Sketch comedian turned horror filmmaker Curry Barker (Milk & Serial) wrings blood-curdling terror from a classic Monkey’s Paw wish fulfillment scenario in a way that no one could have ever anticipated. To say that it’s taken the box office by storm would be a massive understatement; Obsession is the top horror movie of the year in terms of gross. It’s not hard to see why, either. While Monkey’s Paw scenarios often yield predictable outcomes, and this outcome is practically telegraphed from the start, Barker manages to surprise with the journey itself. And it’s one insane journey paved with blood-soaked violence and no shortage of nightmare fuel. What truly sets it apart, though, is leads Michael Johnston and Inde Navarrette as the central pair undone by one vicious wish. Expect to see a lot more from breakout Navarette.
1) Hokum

A surly, traumatized writer must break free from his self-imposed shackles of guilt when confronted by a wicked witch haunting a quaint Irish inn in the latest by writer/director Damian McCarthy (Oddity).
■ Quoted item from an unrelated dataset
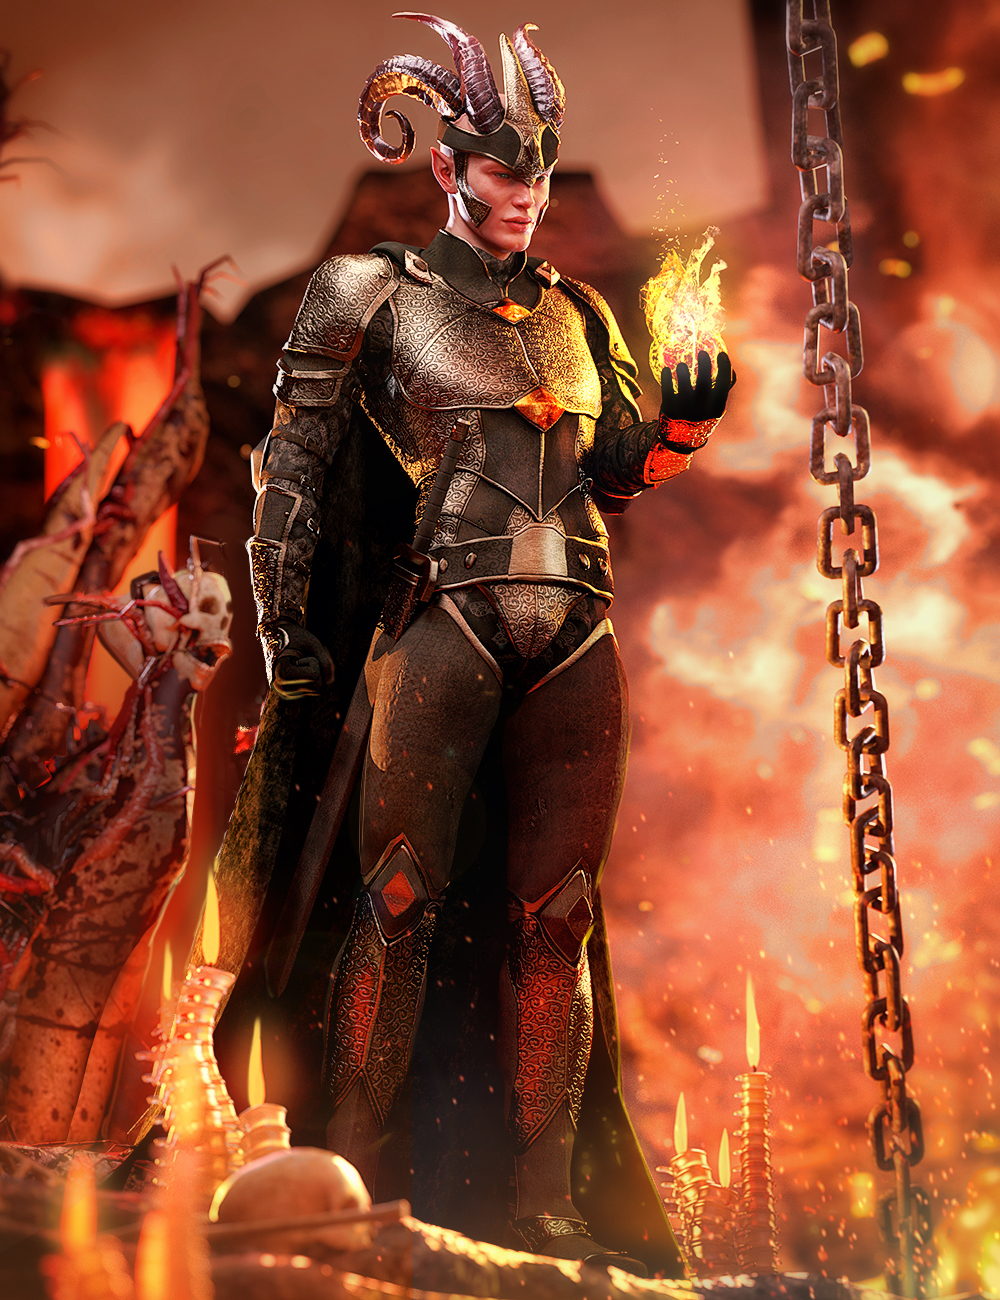 dForce Rage Armor for Genesis 8.1 Males by: Barbara BrundonUmblefuglyArien, 3D Models by Daz 3D

Adam Scott’s Ohm makes for an atypical but rewarding protagonist, and his complicated emotional journey gives way to a deeply moving story of a man so thoroughly broken by personal trauma that he constantly dwells in darkness. In true McCarthy style, expect the creepy as hell witch to dole out some supernatural retribution for crimes committed, but never in the way you’d expect. The filmmaker has a way of making whimsy pure nightmare fuel; Hokum distorts a kids’ show into eerie, uncanny valley-induced terror in its torment of Ohm. Channeling Stephen King, this creeper plays like a traditional campfire tale in mood and style, infusing genuine scares with a sense of magic and heart.